After bouncing Peyton Manning and Tom Brady from the playoffs, Trevor Pryce and the Jets will literally face their biggest QB test this weekend in Ben Roethlisberger.

"He's tough, he's loose, he's a great football player, but I think he embodies the temperament of a winner," said veteran DL. "Rex has the utmost respect for him. He's told us that many times in Baltimore and he's going to tell you guys that here."

The 6'5", 241-pound Roethlisberger will pose a far different challenge than either Manning or Brady. Rex Ryan and Mike Pettine won a chessmatch with Manning on Wild Card Weekend, playing coverage instead of sending numbers and forcing the crafty vet to select 27 runs against 26 passes. Then the Green & White simply dominated the trenches against Brady's line, amassing five sacks while devising coverage schemes that clearly frustrated a bruised TB.

But Roethlisberger brings a defensive mindset to the Steelers' offense.

"Tom Brady is not looking to move and is looking to be hit. Ben Roethlisberger wants to be hit," said Pryce. "There is a much different mentality and he brings a tough-guy mentality to the game."

Pryce, a 35-year-old who was signed as a free agent on Sept. 29 to help the interior pass rush, is in familiar territory. When he lines up Sunday with a Super Bowl berth on the line, he will appear in his fifth AFC Championship Game and fourth against the Steelers.

"You have to be really careful with the running game. They have a great back [Rashard Mendenhall] and they have Hines Ward, who's been doing it for so long and at such a high level. You welcome those kinds of challenges because you don't get them very often," he said.

"And to play against a storied franchise at this stage of the game, at this point in my life and for the Jets to be here two times in a row in the AFC Championship with a first-time head coach and a rookie and second-year quarterback, it's pretty special."

The Steelers have homefield advantage, but they're just 1-2 in conference championship games at Heinz Field. Meanwhile the Jets hope to gain a fifth road playoff win in two years Sunday at a site of perhaps their most impressive regular-season triumph. The Green & White prevented a three-game slide by turning aside Roethlisberger and the Steelers by a 22-17 count on Dec. 19, holding Big Ben (23-44-264-1 TD) out of the end zone after he drove his club down to the Jets' 10 with 10 seconds remaining.

"The home teams in championship games falter under pressure because they don't have just the pressure they put on themselves but the pressure of 90,000 people watching them in the stadium, all their fans, and that can be a lot to overcome," Pryce said. "If you get behind and the whole stadium is thinking, 'Oh, my God, we're going to lose,' then you're going to lose.
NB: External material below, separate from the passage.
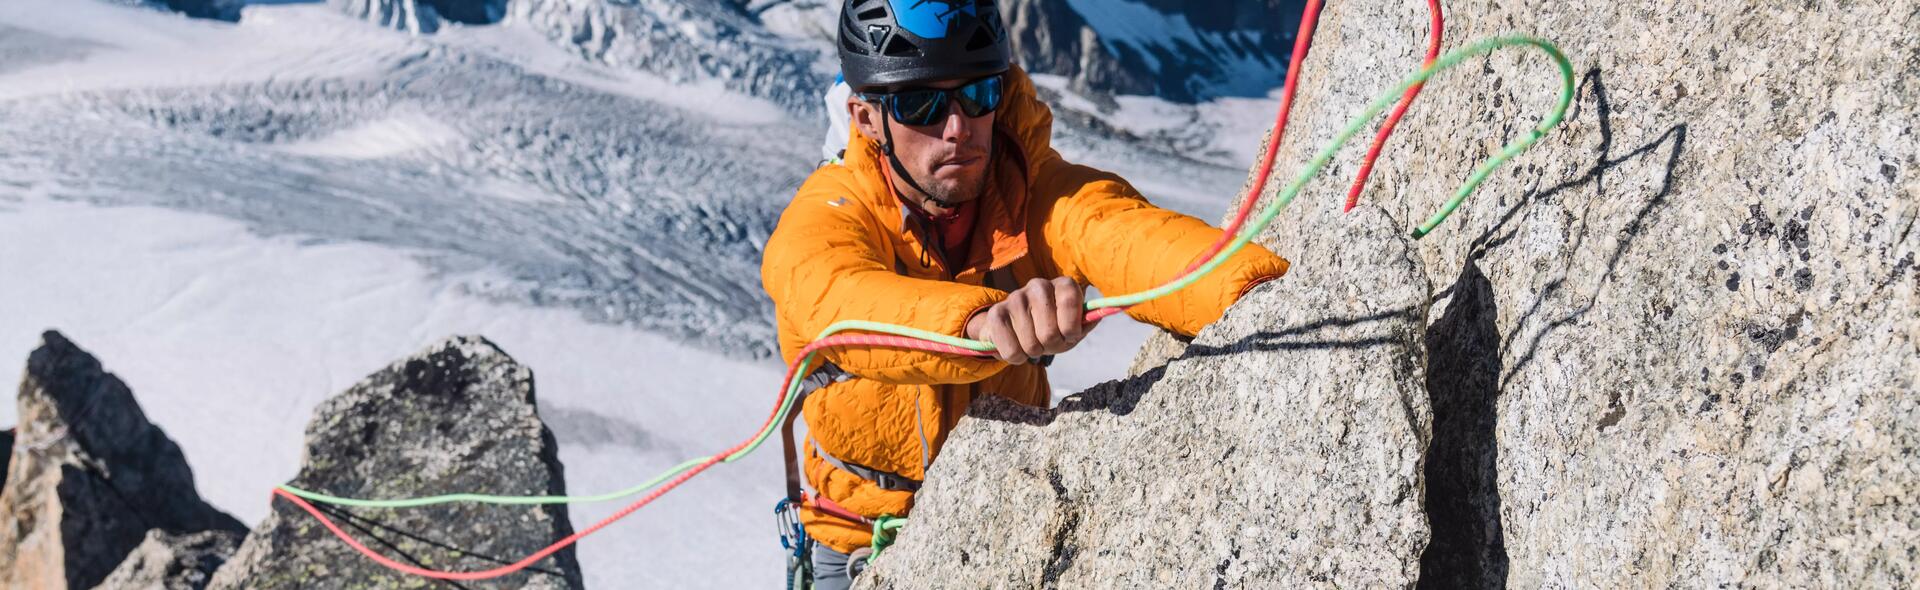 Quels sont les équipements essentiels pour l’alpinisme ?

Whereas the visiting team, all you have is your 56 guys. So the pressure is on them — not on us."

The Jets sacked Roethlisberger three times during their Week 15 win, but the Steelers outgained the visitors, 378 yards to 276, and ran 72 offensive plays to 57. Roethlisberger's strength and mobility allowed him to lengthen plays and the Steelers converted on 11 of their 17 third downs (65 percent).
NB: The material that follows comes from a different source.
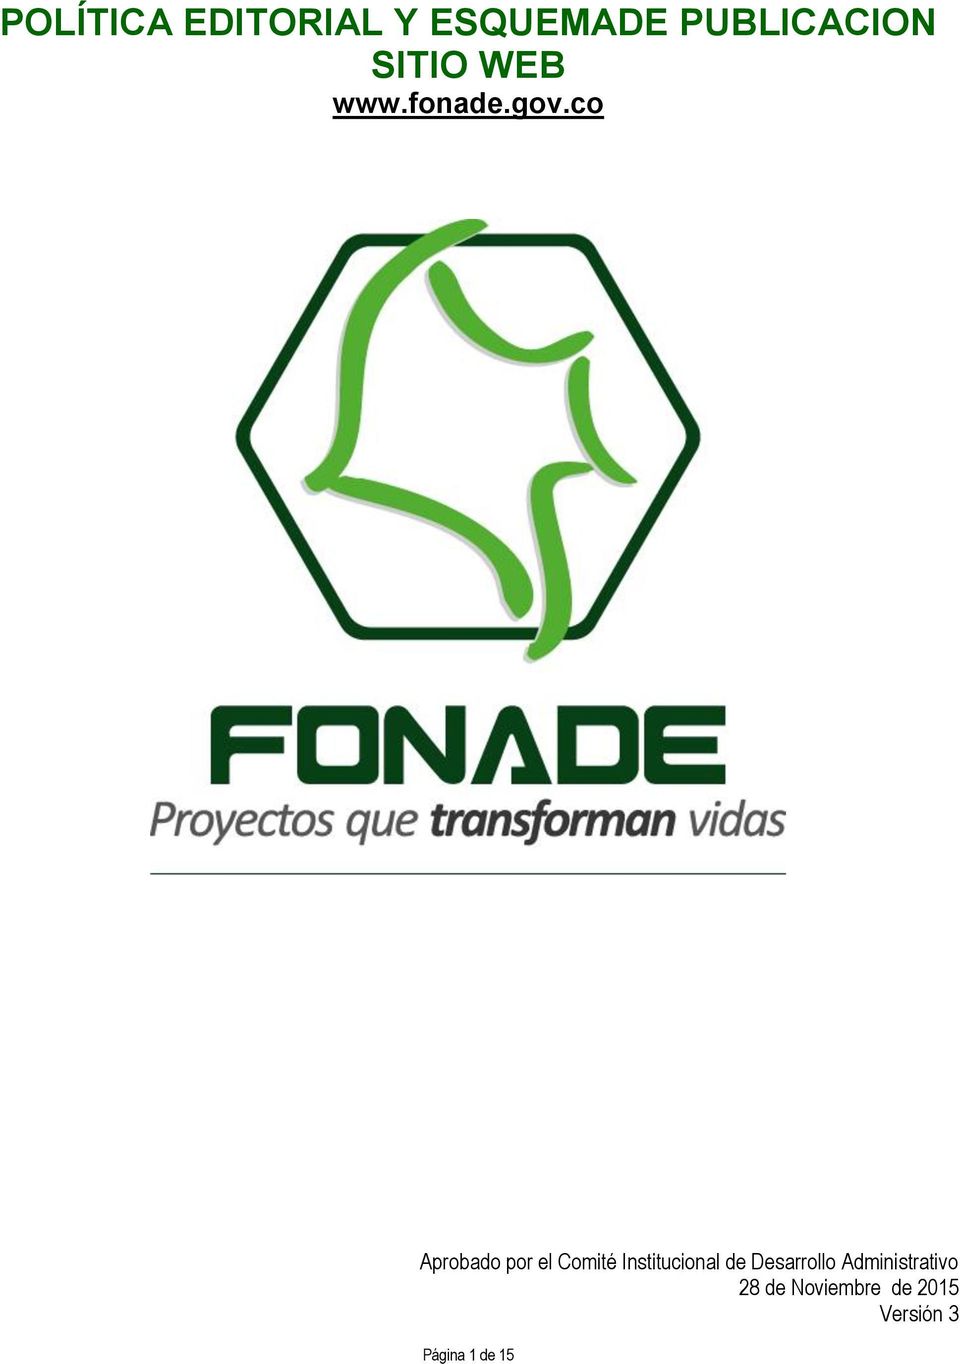 SITIO WEB www.fonade.

"The only way you prepare for Big Ben is if we can bring him in here and let him run our scout team," said Pryce. "He can run and he's as big as a left tackle. I mean I'm big and I've bounced off him many a day."
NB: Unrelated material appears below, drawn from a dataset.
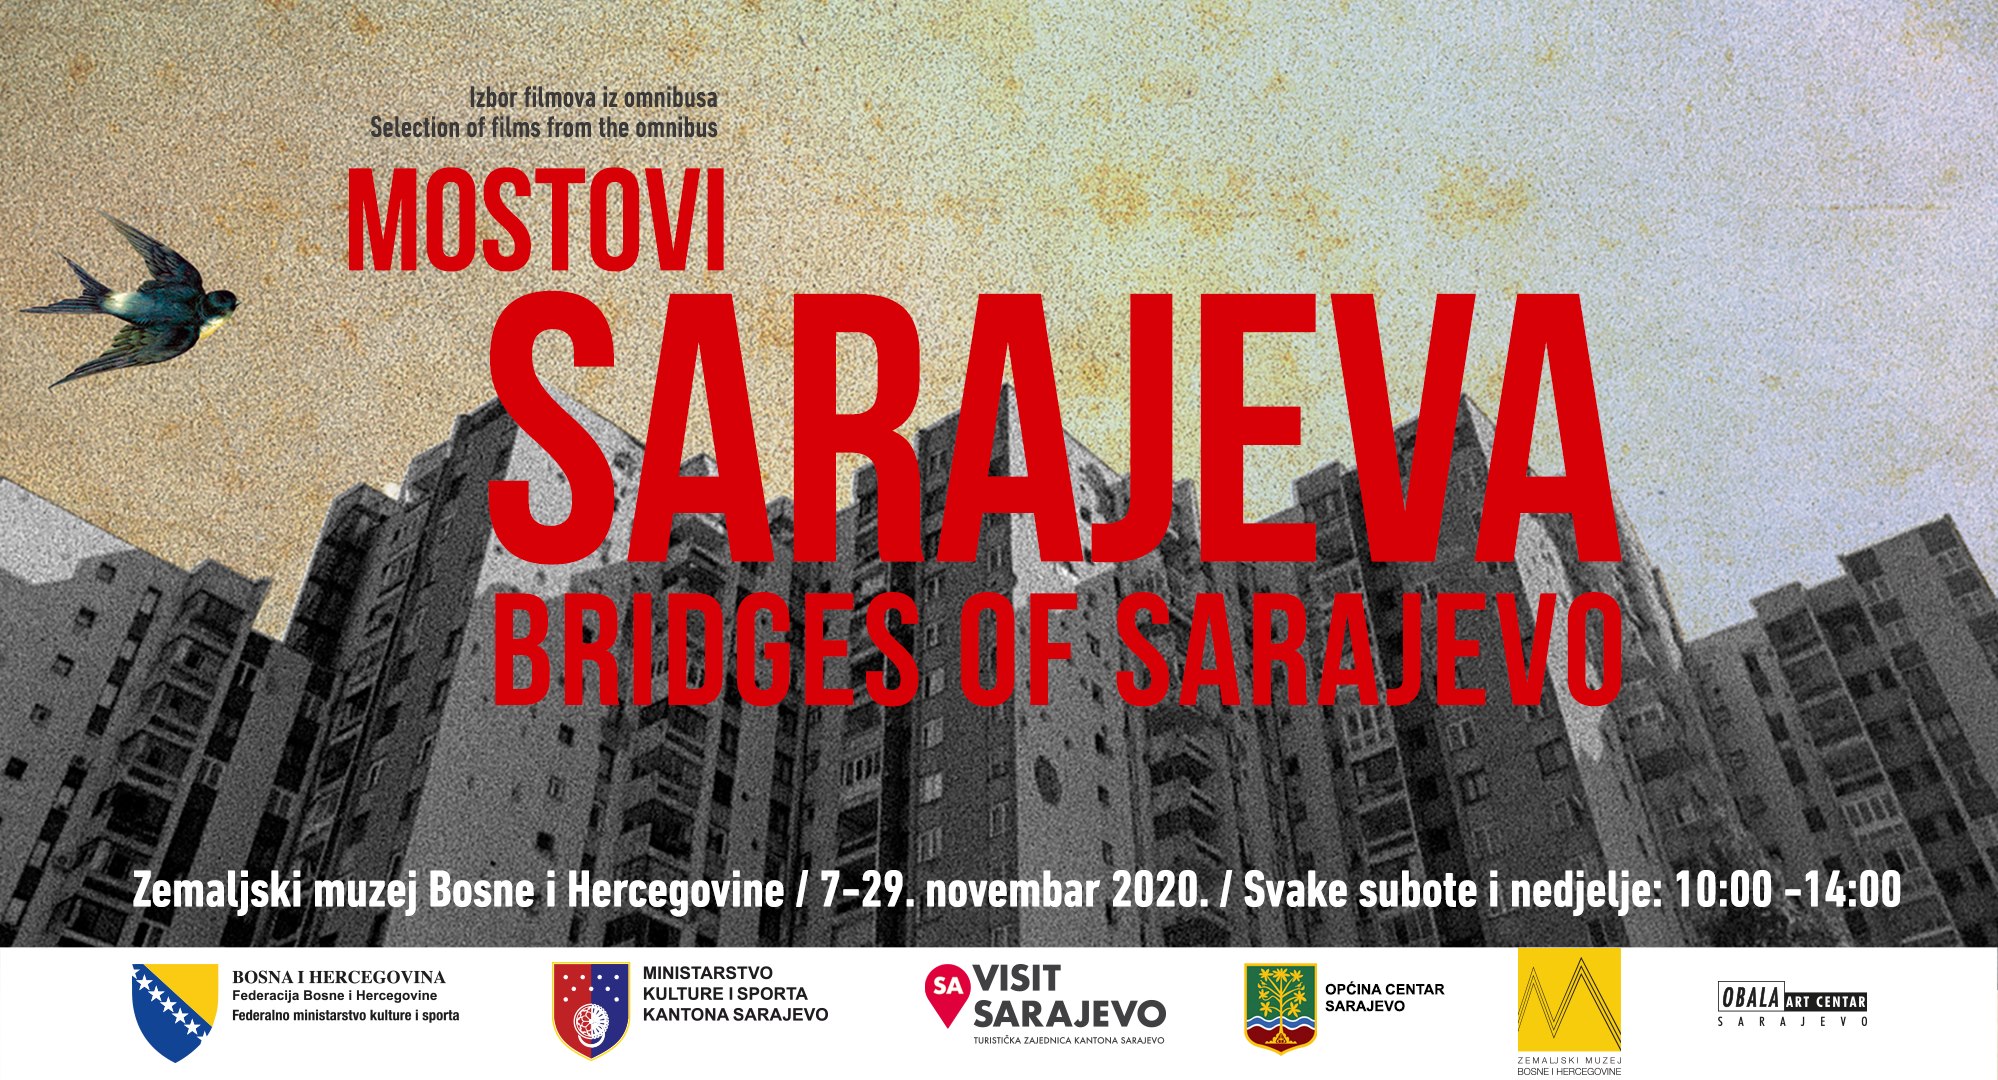  Pogledajte filmove iz omnibusa “Mostovi Sarajeva” u Zemaljskom muzeju

They'll meet once again this weekend as Trevor Pryce will appear in his 16th career postseason contest. After winning championships in each of his first two pro seasons with the Denver Broncos, he's hungry for his third. The Steelers denied him a Super Bowl appearance a pair of times, including a 23-14 defeat most recently in 2008 when he played under Ryan in Baltimore, but he got a chance to celebrate as a rookie in Pittsburgh after Denver captured a 24-21 "W" in the AFC Championship Game.

"You want to keep on going and see where the road ends," he said. "Hopefully it ends in Dallas."